## Data provided
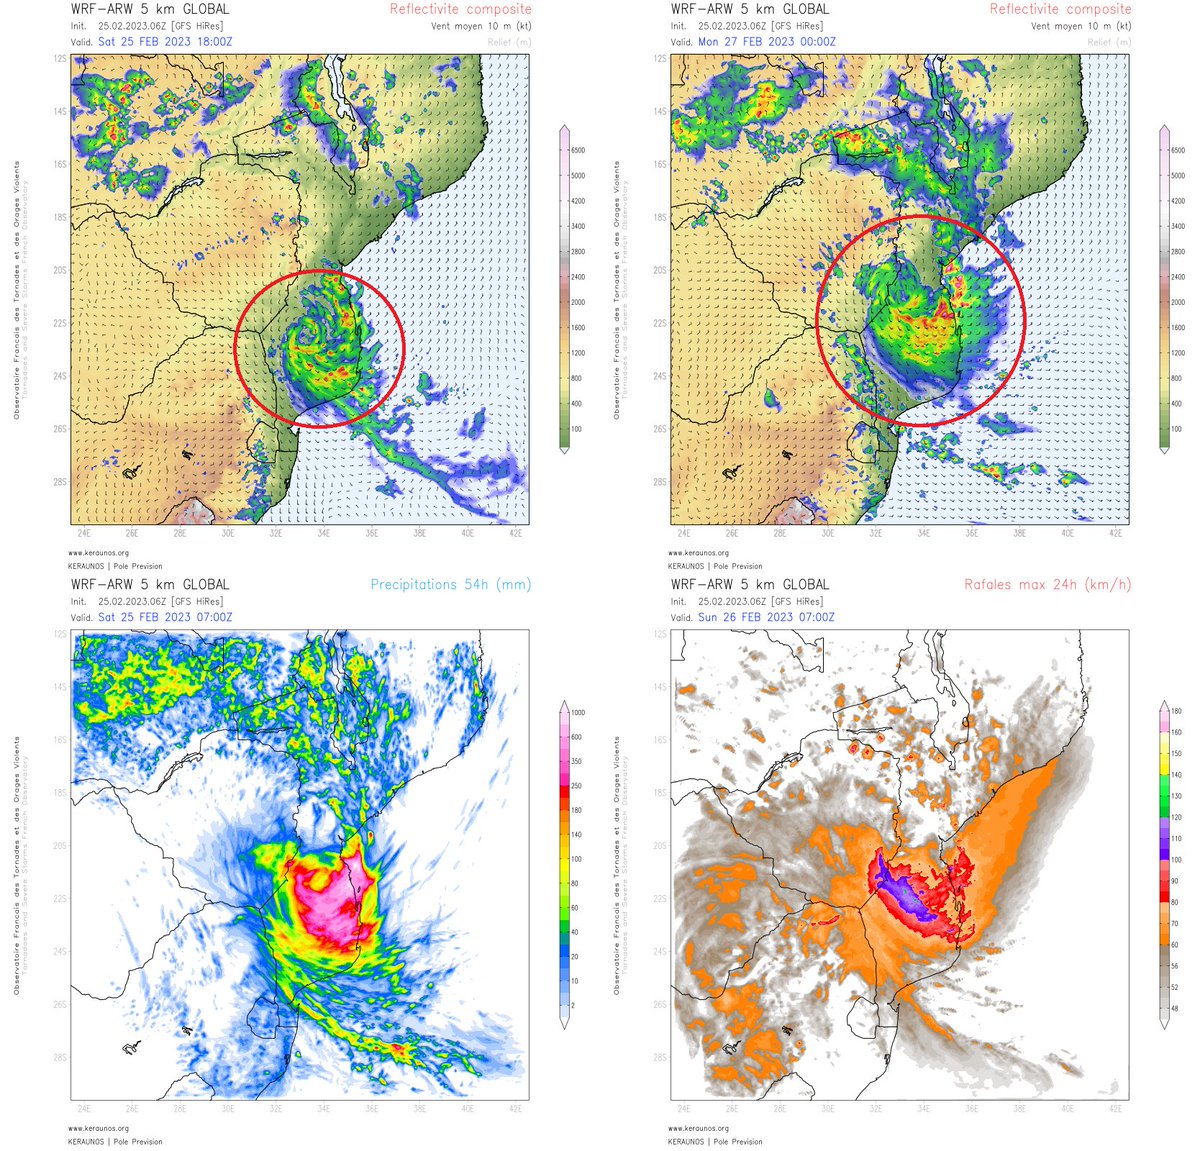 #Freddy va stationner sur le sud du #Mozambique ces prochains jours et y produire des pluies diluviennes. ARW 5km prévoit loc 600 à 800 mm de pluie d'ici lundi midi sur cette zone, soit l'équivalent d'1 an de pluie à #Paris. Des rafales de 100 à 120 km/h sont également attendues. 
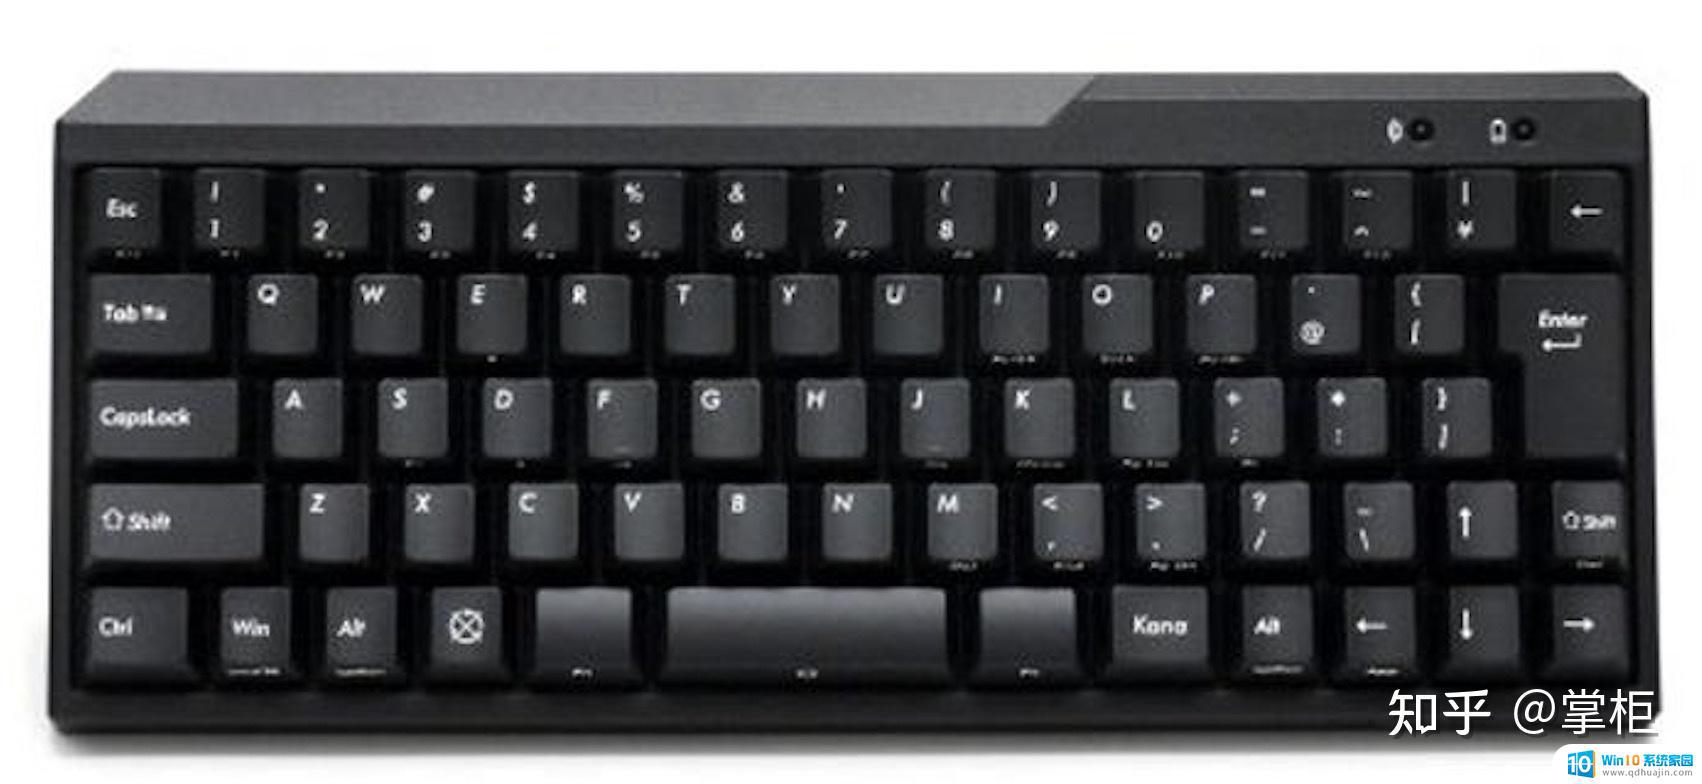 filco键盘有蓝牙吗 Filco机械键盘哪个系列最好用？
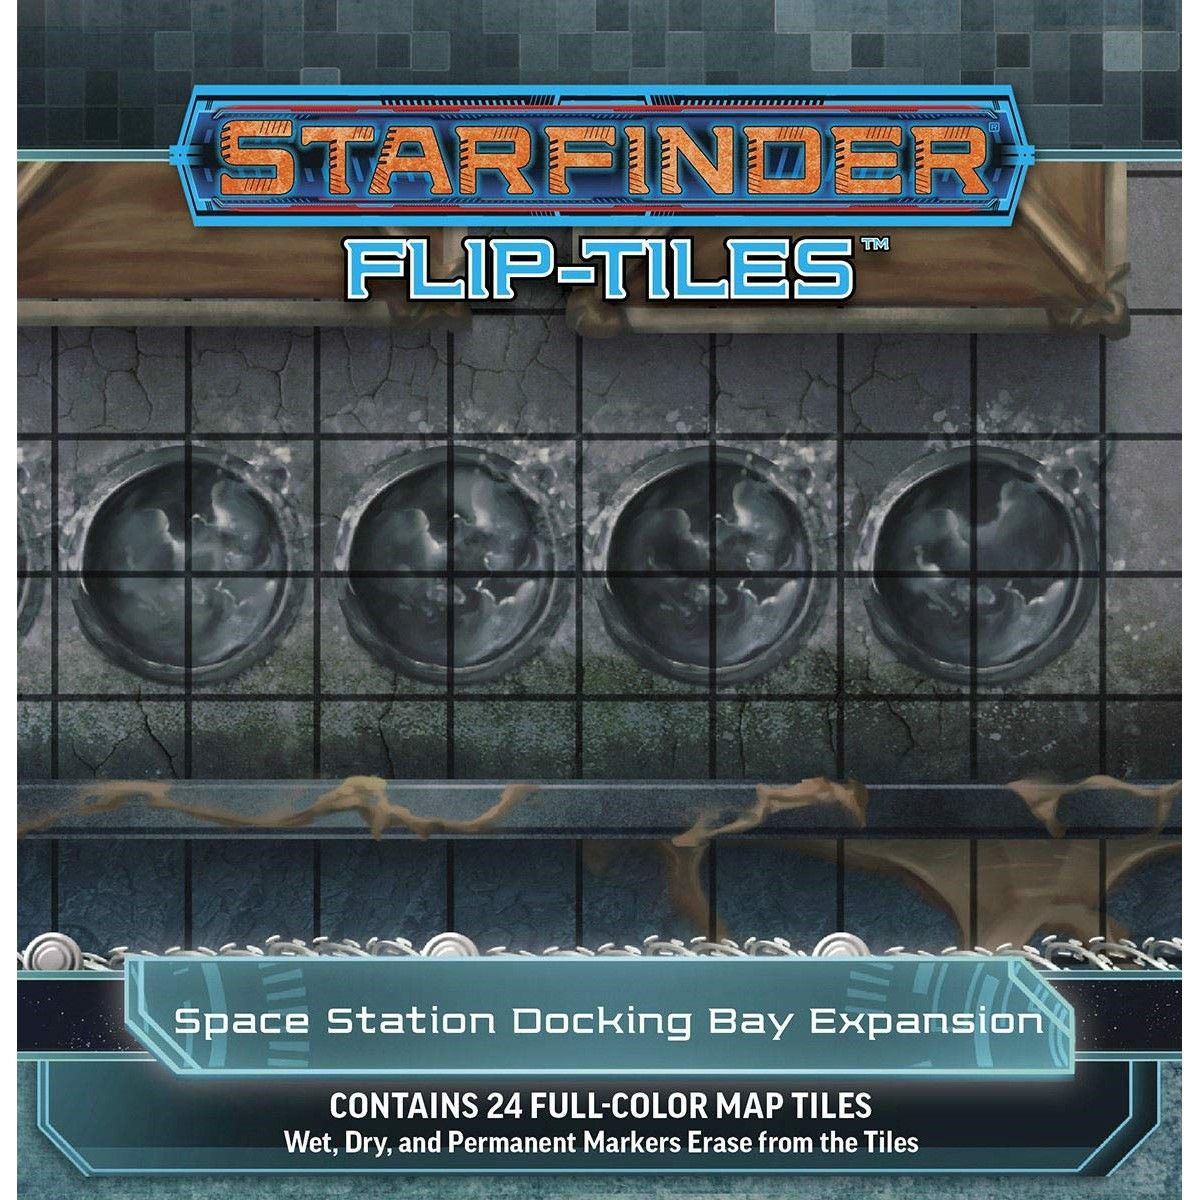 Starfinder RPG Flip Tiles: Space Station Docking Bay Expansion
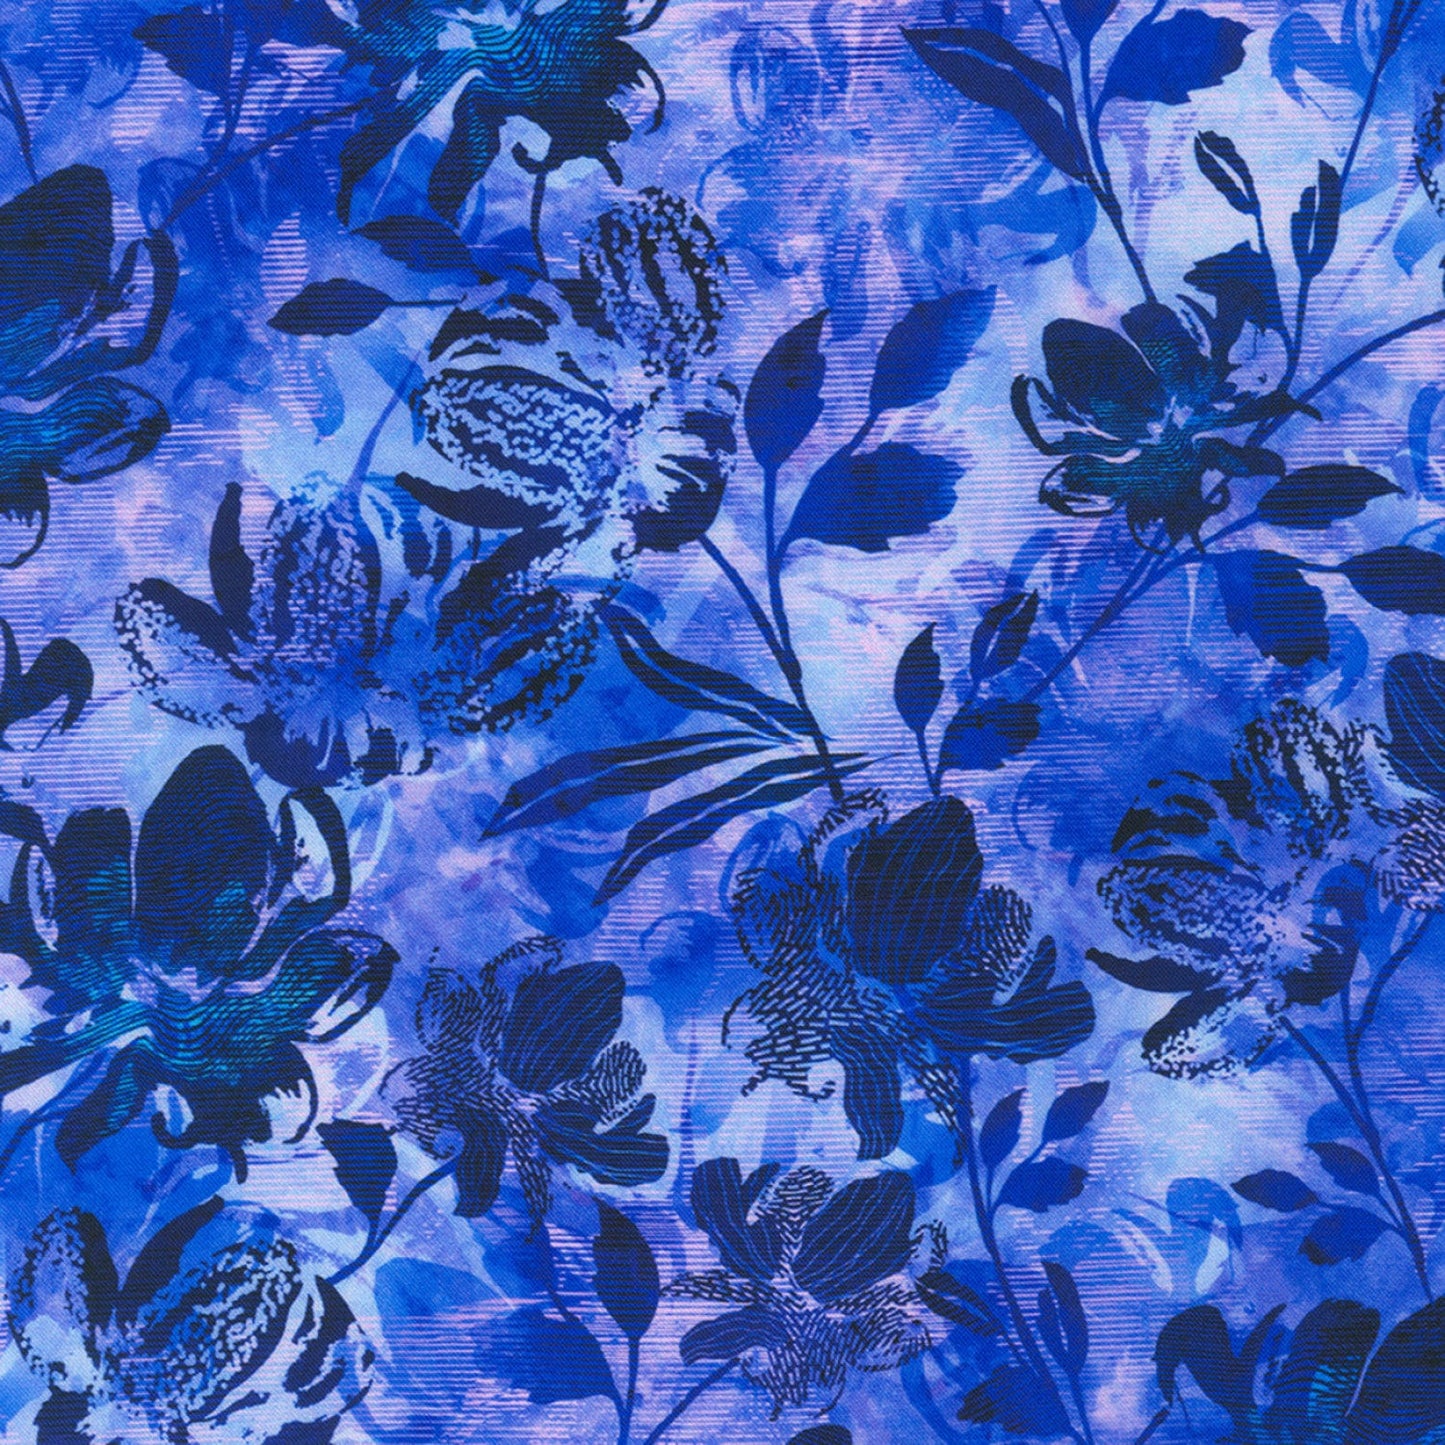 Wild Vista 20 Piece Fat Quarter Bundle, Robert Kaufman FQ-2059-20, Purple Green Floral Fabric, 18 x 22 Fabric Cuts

## What is needed
Transcribe exactly, with no pictures, the lines running from the first line of the material through the line holding "Starfinder RPG Flip".

## The answer
 #Freddy va stationner sur le sud du #Mozambique ces prochains jours et y produire des pluies diluviennes. ARW 5km prévoit loc 600 à 800 mm de pluie d'ici lundi midi sur cette zone, soit l'équivalent d'1 an de pluie à #Paris. Des rafales de 100 à 120 km/h sont également attendues. 
 filco键盘有蓝牙吗 Filco机械键盘哪个系列最好用？
 Starfinder RPG Flip Tiles: Space Station Docking Bay Expansion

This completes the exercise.